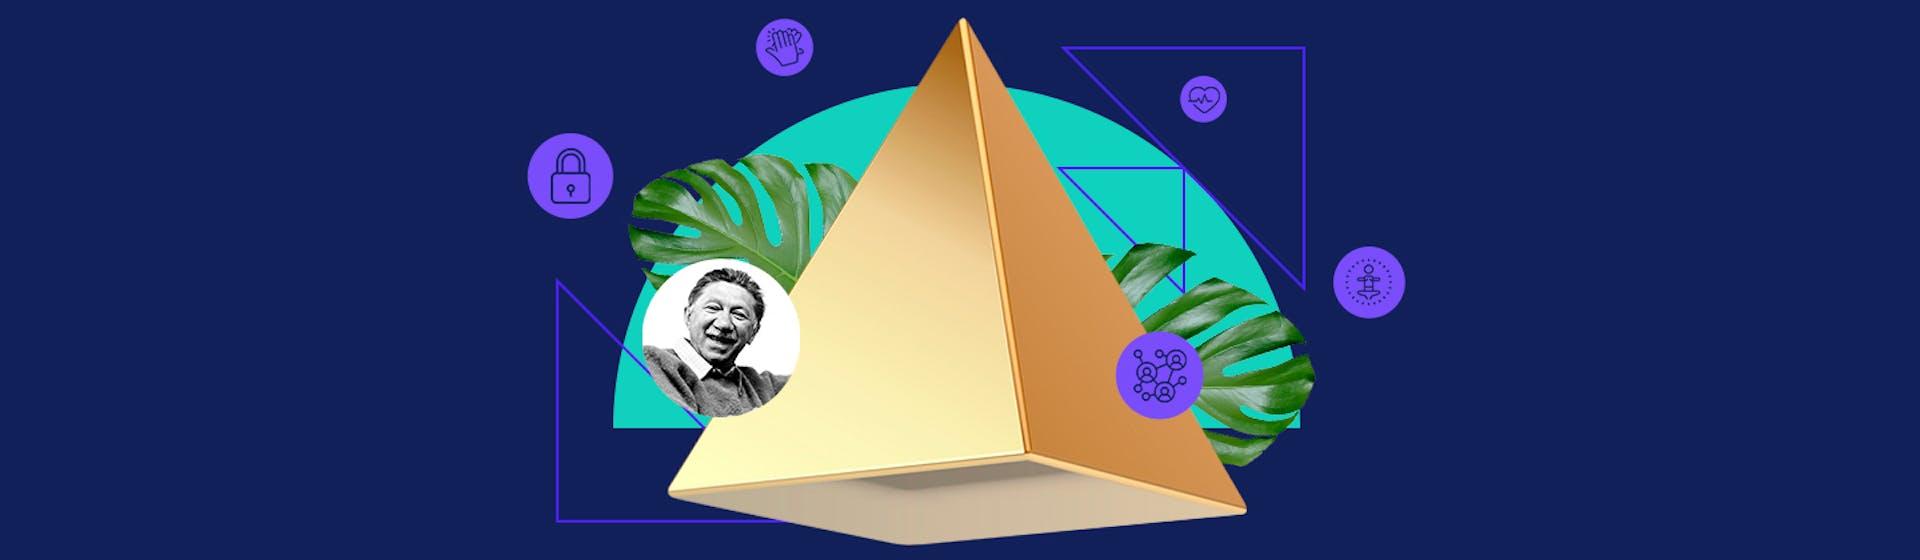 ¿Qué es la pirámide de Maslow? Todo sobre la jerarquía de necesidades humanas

* * *

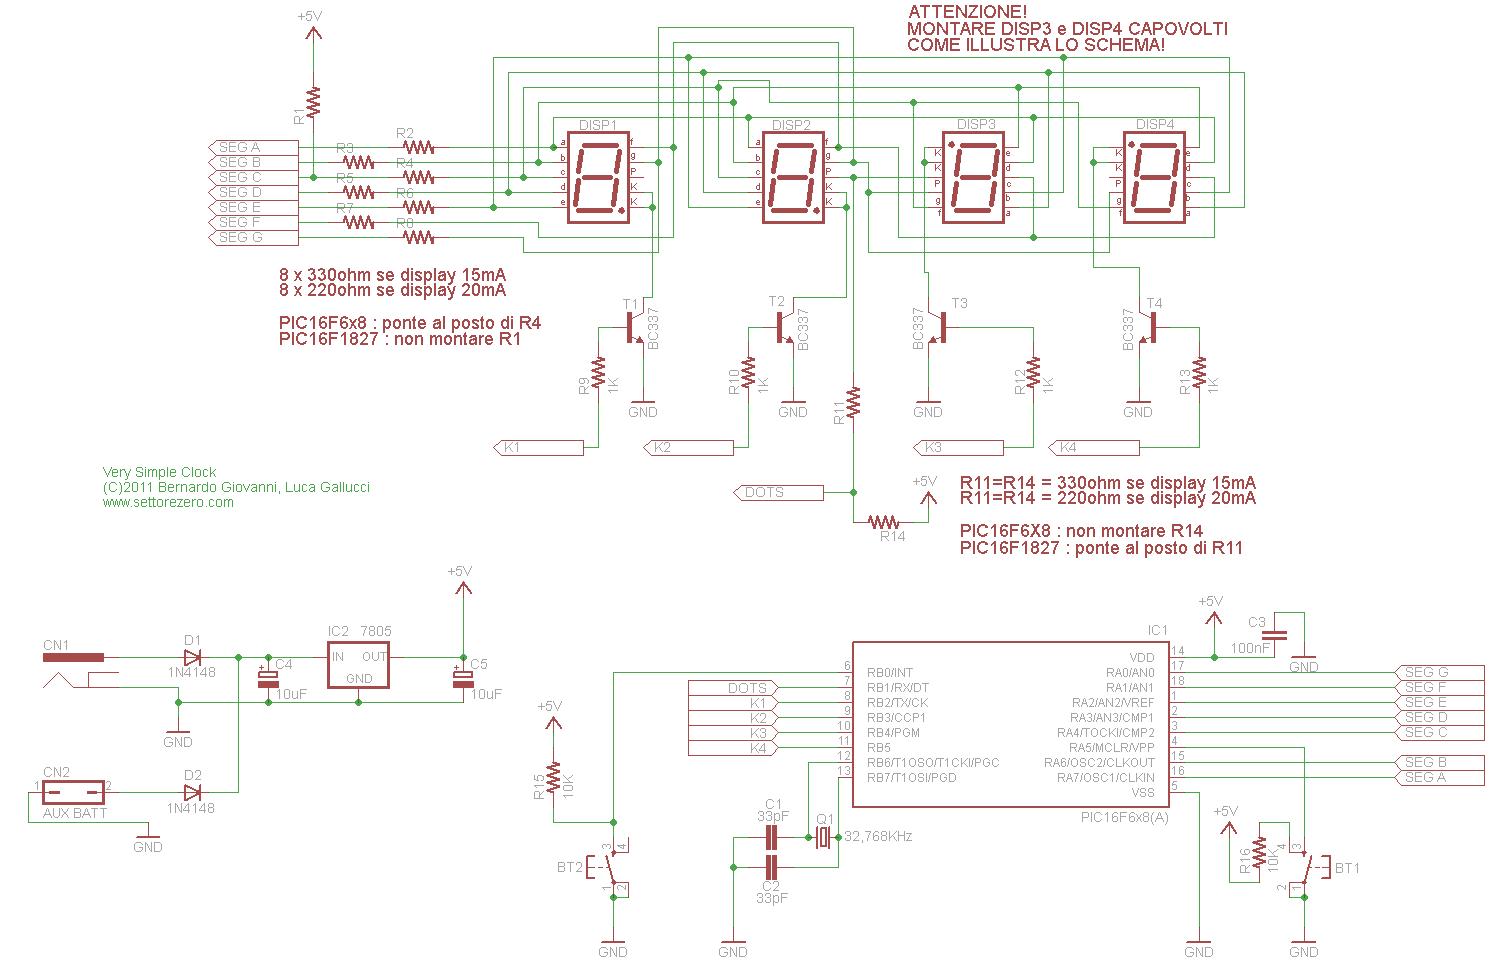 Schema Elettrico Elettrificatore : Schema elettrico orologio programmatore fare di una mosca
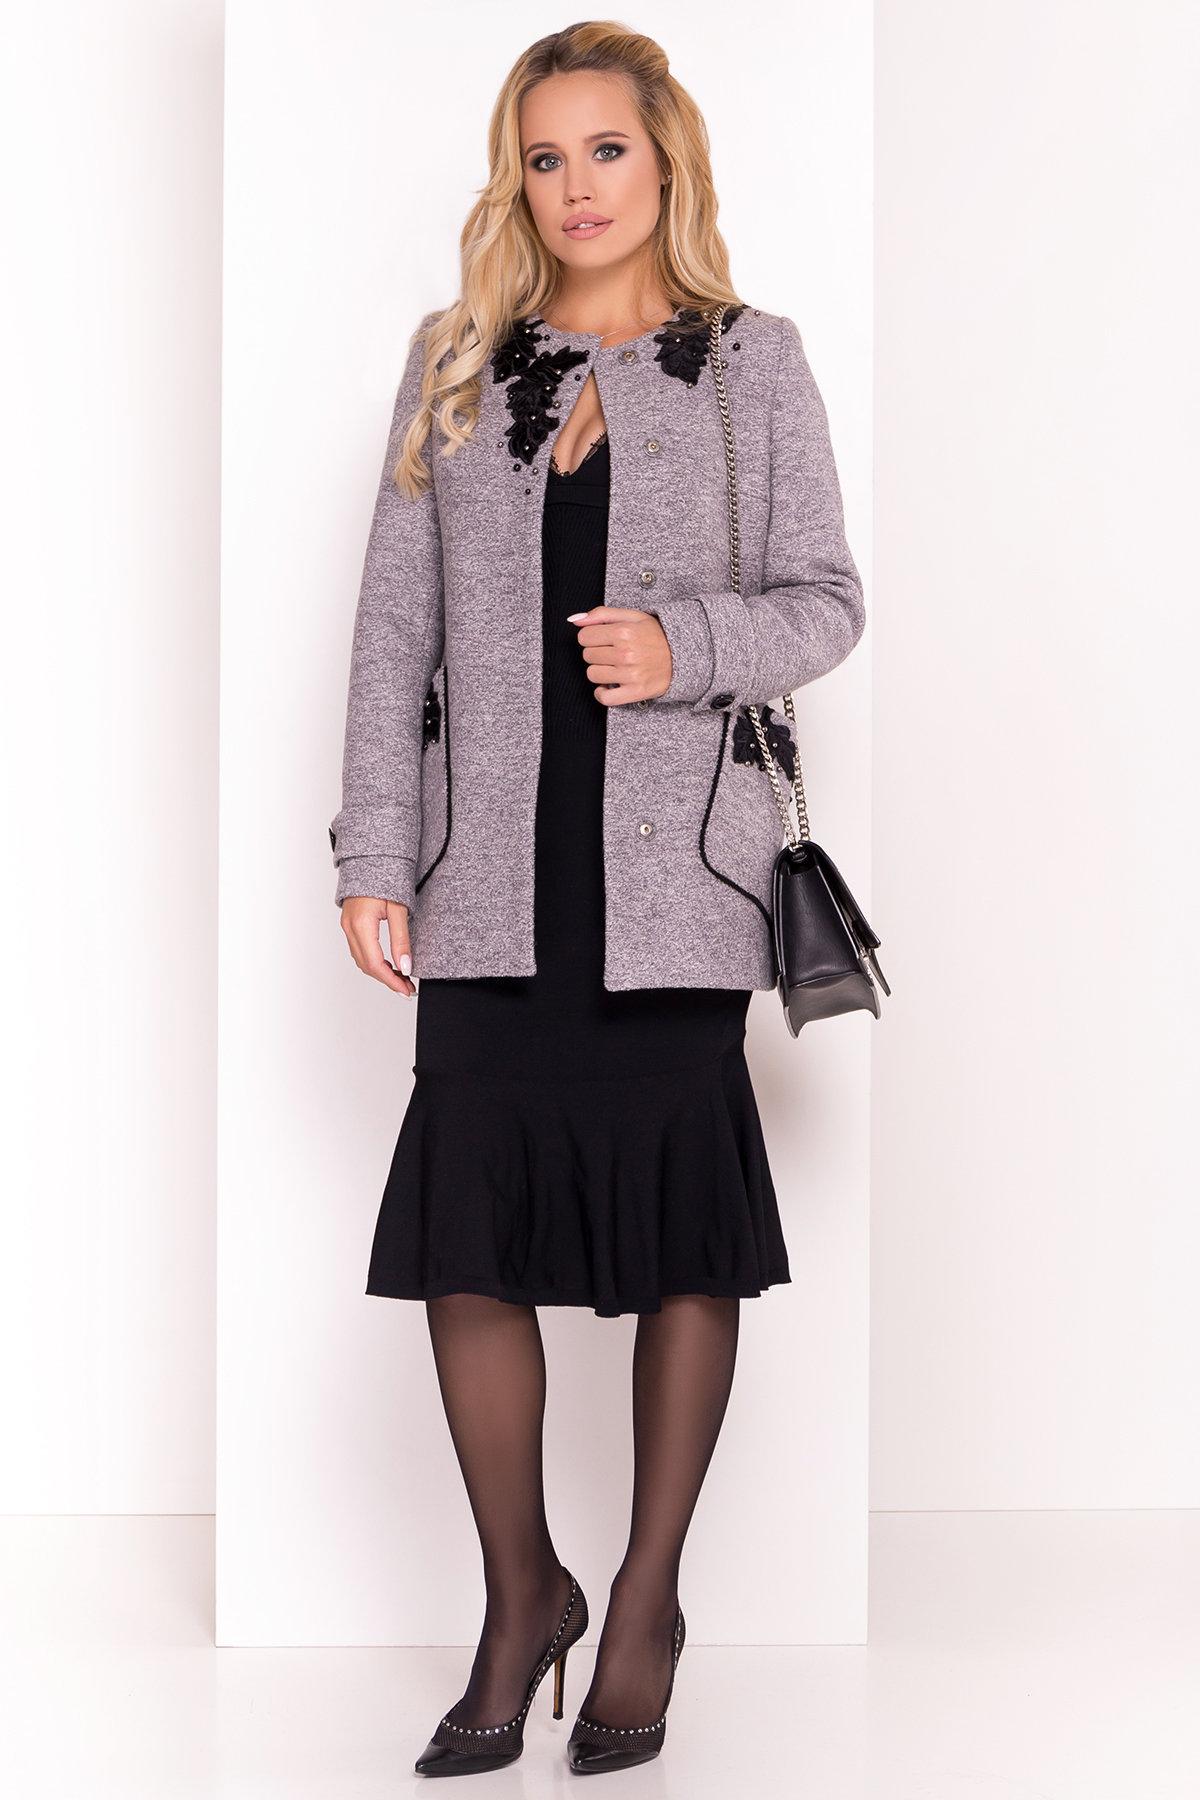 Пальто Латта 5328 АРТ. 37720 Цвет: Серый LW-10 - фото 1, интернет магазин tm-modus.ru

About this task: Repeat exactly, and only, the entries from the line with "Schema Elettrico Elettrificatore" through the line with "Пальто Латта 5328". Pictures are skipped.

Exercise output:
 Schema Elettrico Elettrificatore : Schema elettrico orologio programmatore fare di una mosca
 Пальто Латта 5328 АРТ. 37720 Цвет: Серый LW-10 - фото 1, интернет магазин tm-modus.ru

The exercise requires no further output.